Mrs Harris Goes to Paris
Adapted from Paul Gallico’s 1958 novel, Mrs ‘Arris Goes to Paris, Anthony Fabian’s Mrs Harris Goes to Paris dispenses with its source’s titular colloquialism but preserves its airy, charming irresistibility in a neatly wrapped, nostalgic bonne bouche of entertainment, providing the perfect temporary antidote to an age of anxiety.
Ada Harris (Lesley Manville), a widowed charwoman based in Battersea, falls in love at first sight with a Christian Dior dress, recently purchased by an aristocratic client of hers who, when asked by Harris for the delivery of overdue payments for her services, responds in deflection, “we’ve had to tighten our belts so much recently it’s a miracle we can breathe!”. Harris, frequently described as something of a dreamer, sets her sights on buying such a dress. In this transcendent vein, the film is imbued with an almost disarmingly effective pathos, where it begins to become something more than promised; a fairytale about life after love.
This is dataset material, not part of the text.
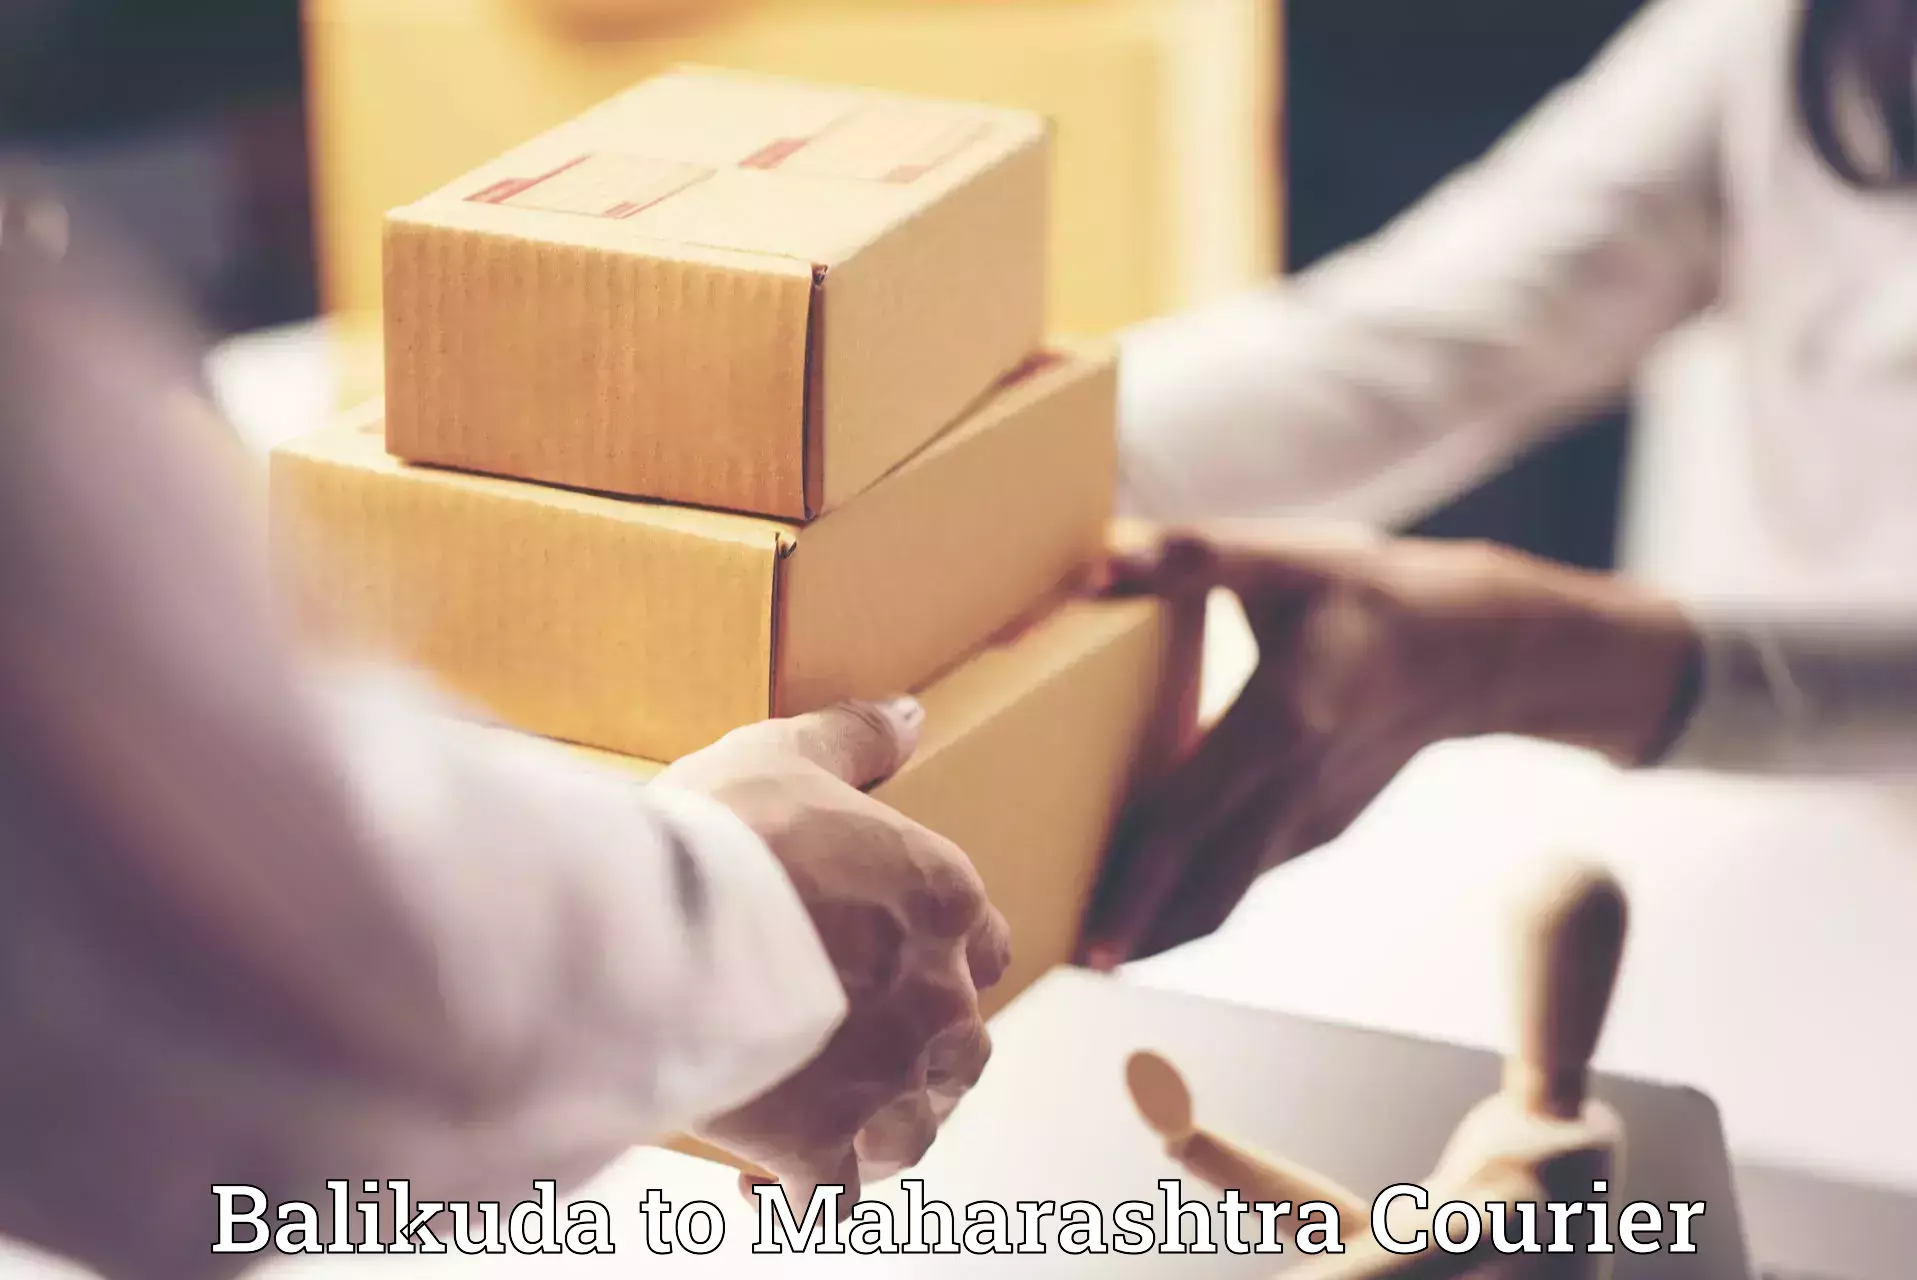 Moving and handling services Balikuda to Maharashtra

Through a combination of frugality and lucky breaks, Harris is able to gather the funds to travel to Paris, with her sights on landing a taste of the Parisian vogue. Naturally unfamiliar with convention, she expects to purchase a dress and leave for London the same day. Instead, she happens upon a showing of Dior’s 10th-anniversary collection and is greeted with frosty contempt by Dior director, Claudine (a typically icy Isabelle Huppert) as she ushers in a procession of Lords, Ladies and Marquises. Apocalyptic financial forecasts for the company, however, mean that they are unable to decline Harris’s offer of quick cash, no matter the class of the pocket it is plucked from. She is warmly befriended by a series of subscribers to the haute couture elite: Marquis de Chassagne (Lambert Wilson), also a widow, offers to accompany her to the showing, Natasha (Alba Baptista) “the face of Dior”, takes her under her peacock wing and André (Lucas Bravo), takes Harris into his home while she waits for her dress to be fitted.
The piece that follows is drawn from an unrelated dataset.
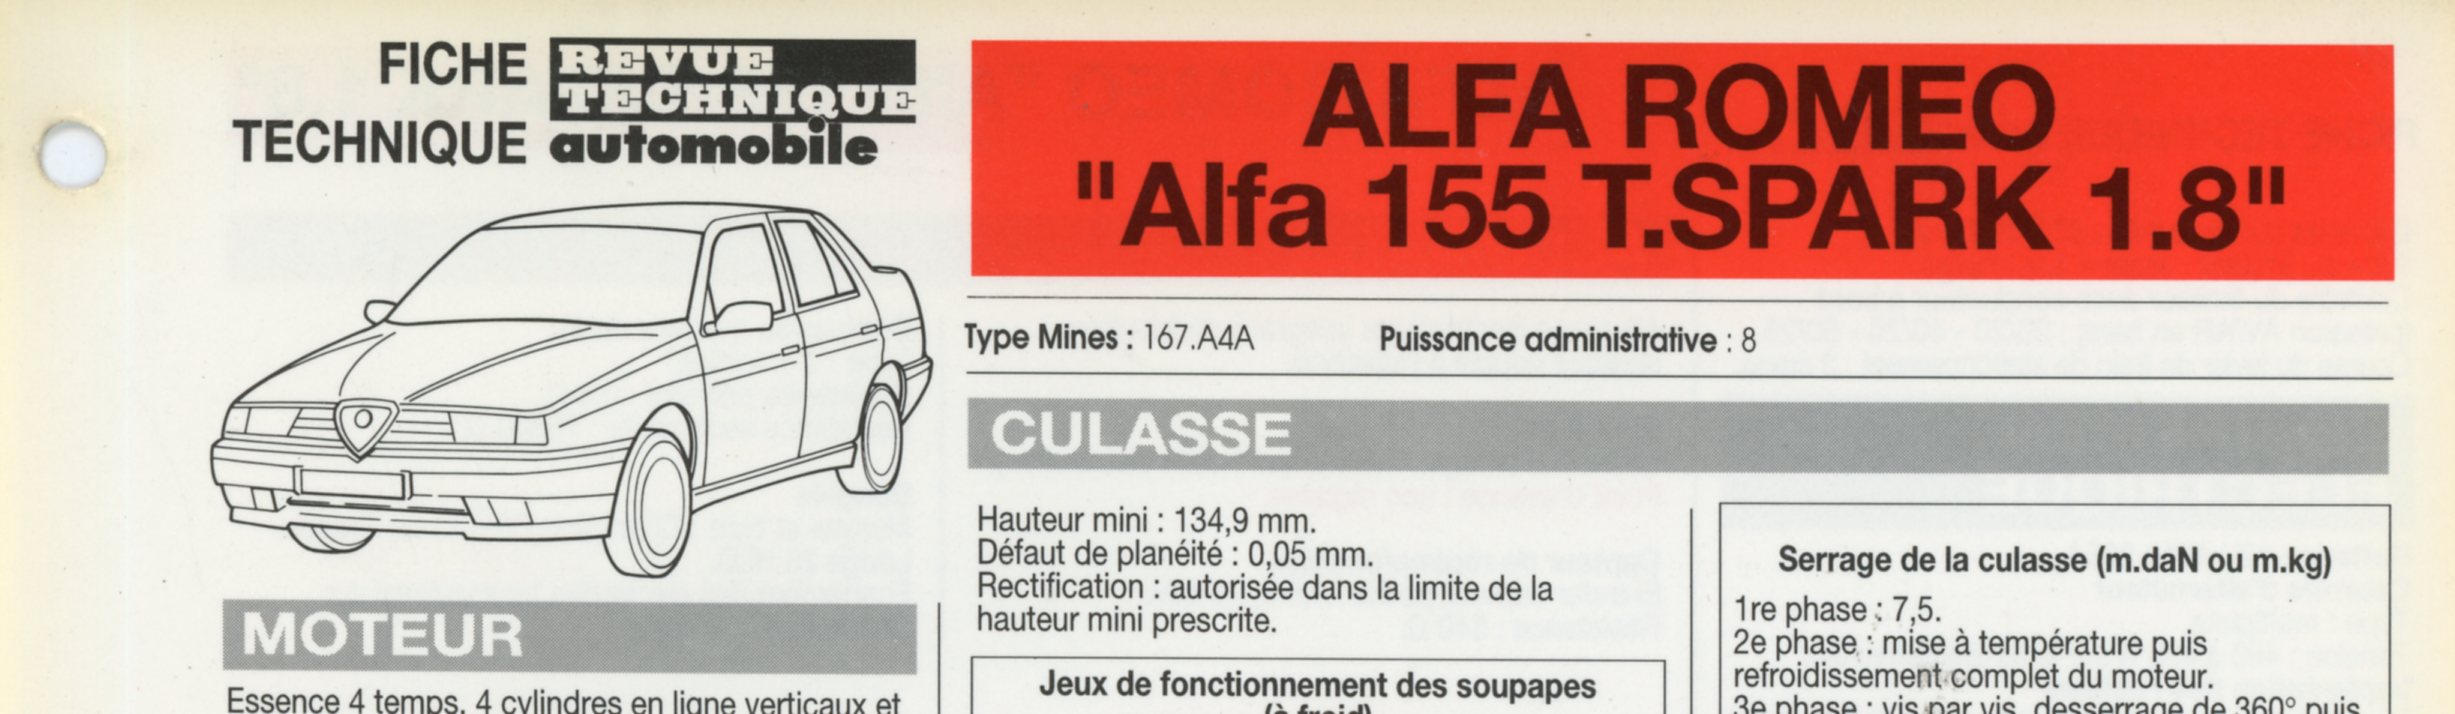 FICHE-TECHNIQUE-ALFA-155-SPARK-1993-FICHE-RTA-LEMASTERBROCKERS

The firmness of Huppert’s performance is very knowingly juxtaposed by the warmth of Manville’s, whose resplendent, glowing portrayal is the shining element which helps one suspend their disbelief at a story which is, at heart, a fairytale. The casting of Manville appears to be a playful nod and a wink to Paul Thomas Anderson’s Phantom Thread, a film which illuminates the world of 1950s haute couture by very different means. While Phantom Thread was almost gothic in its realisation of this world, Mrs Harris Goes to Paris is more akin to the nostalgic effervescence of The Marvelous Mrs Maisel.
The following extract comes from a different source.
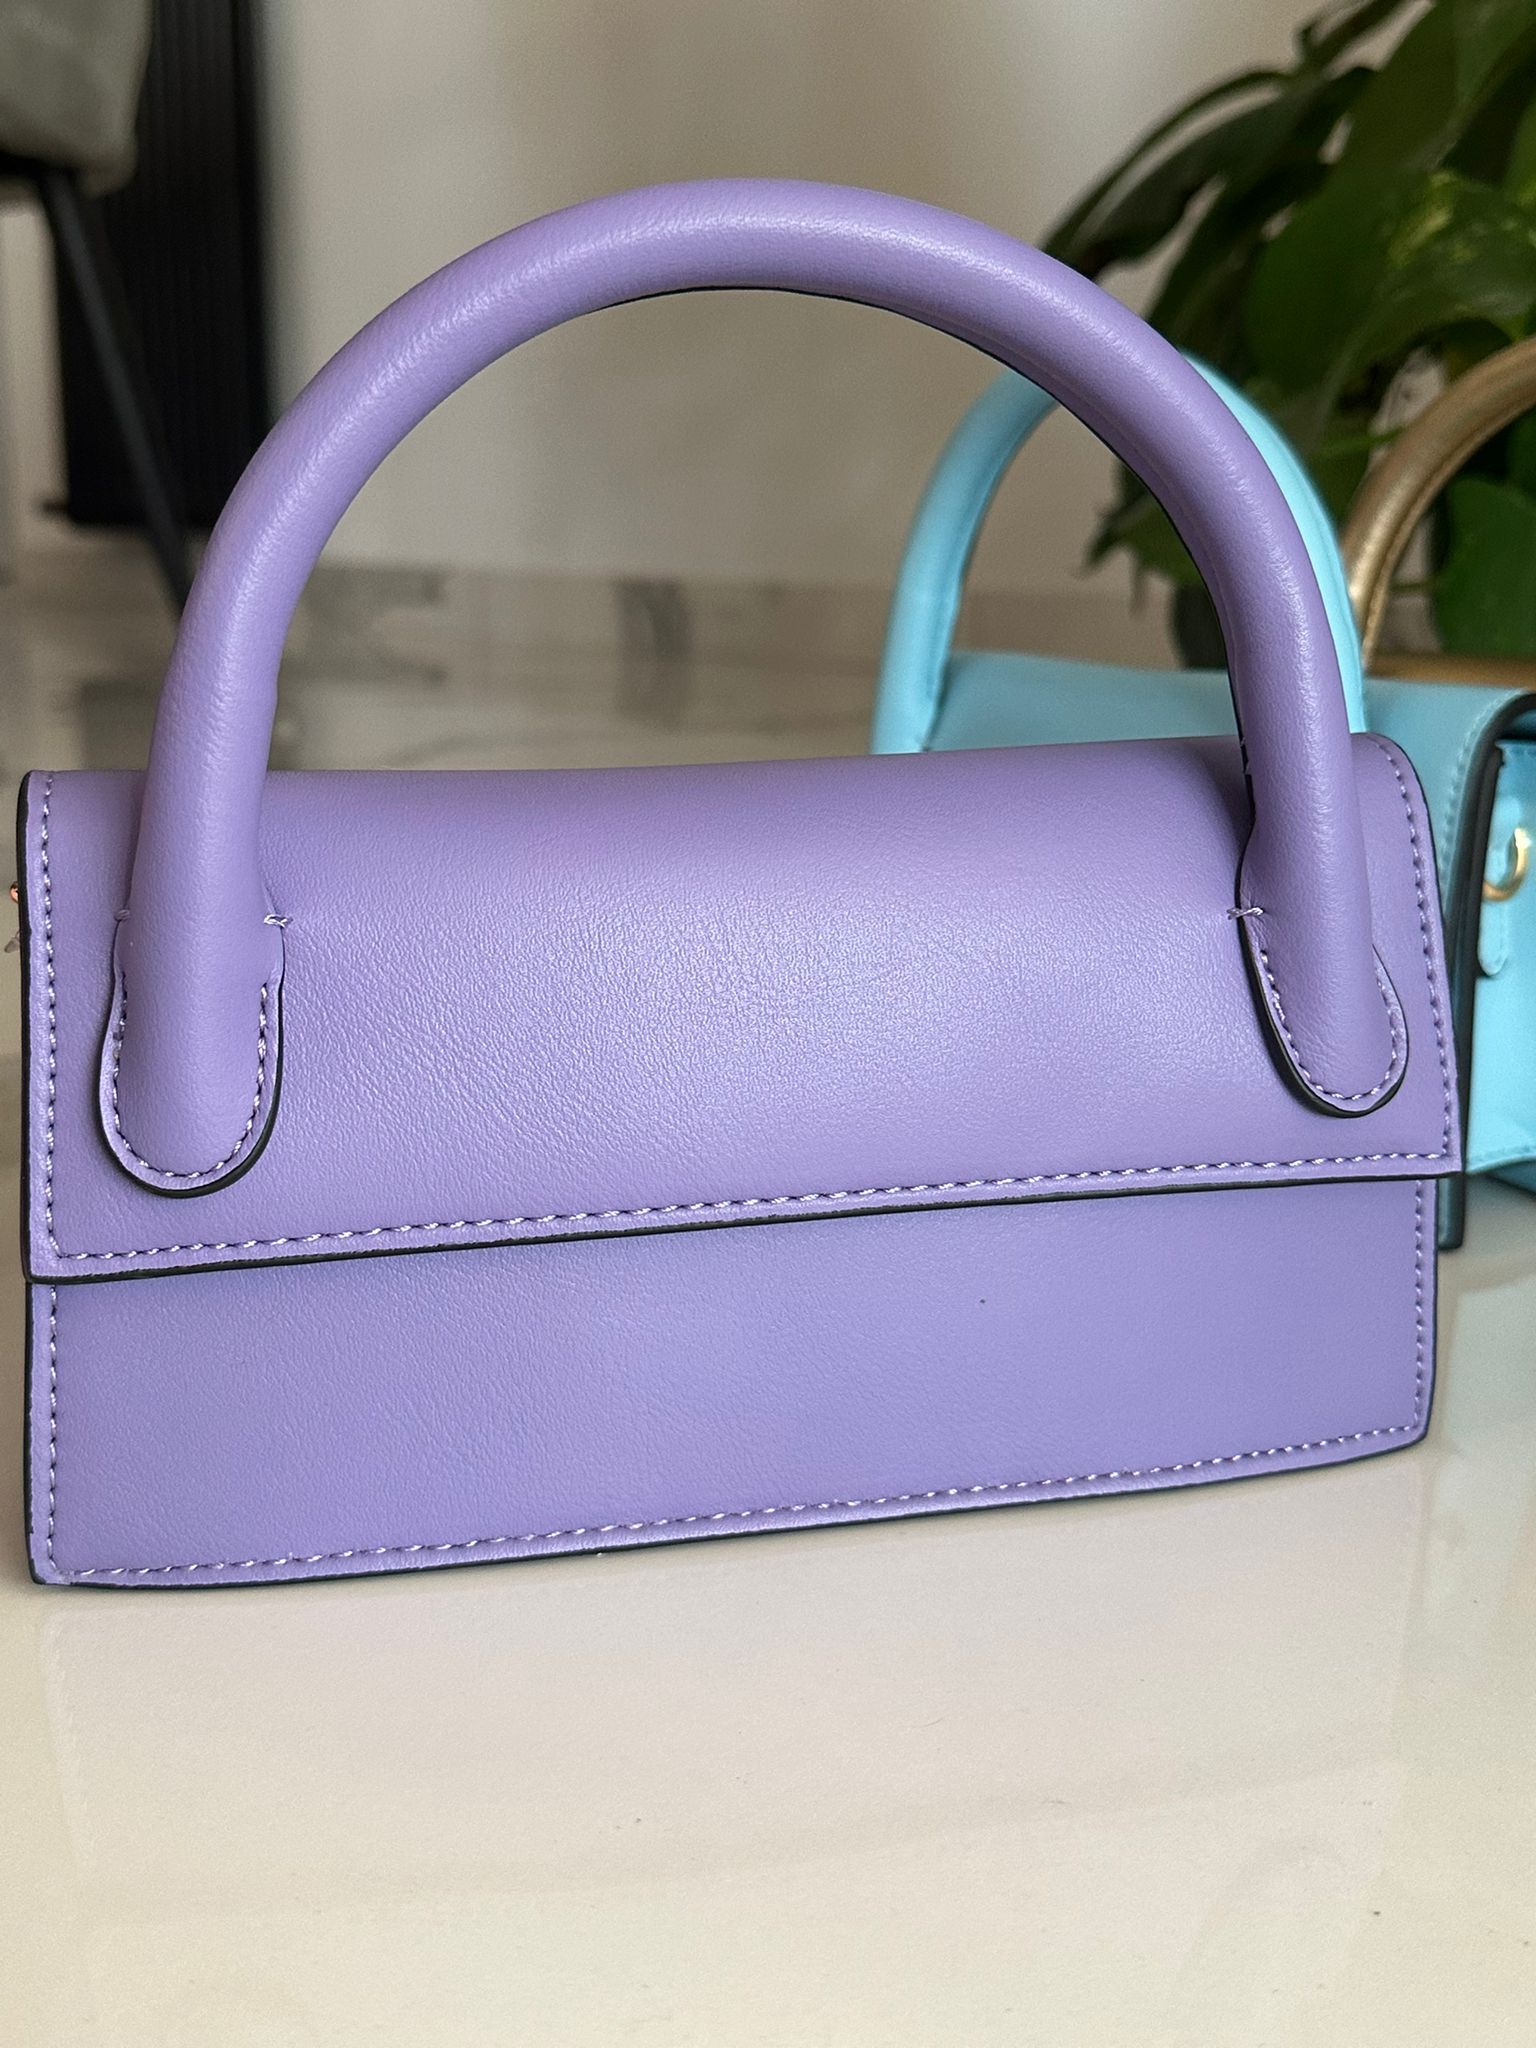 Mini sac Zaira - Violet - FR41

The fantastical plot unfurls against a backdrop of a garbage collector’s strike, and general civil unrest in the city of Paris; the uncollected, rotting waste that decorates the city a somewhat grounding contrast to production design which is otherwise filled with crisp, aesthetic splendour and pinpoint recreations of 1950s Dior gowns.
Jason Isaacs and Ellen Thomas are luminous as the cornerstones of Harris’s Battersea social circle and are perhaps a little underused in a film which is otherwise unbothered about giving its audience exactly what it wants. But Manville’s dramatic shoulders are more than broad enough to carry the weight left by their absence for swathes of the film.
In a world of perpetual, growing uncertainty, a film like Mrs Harris Goes to Paris isn’t just welcome, it is necessary.
Matthew McMillan
Mrs Harris Goes to Paris is released nationwide on 30th September 2022.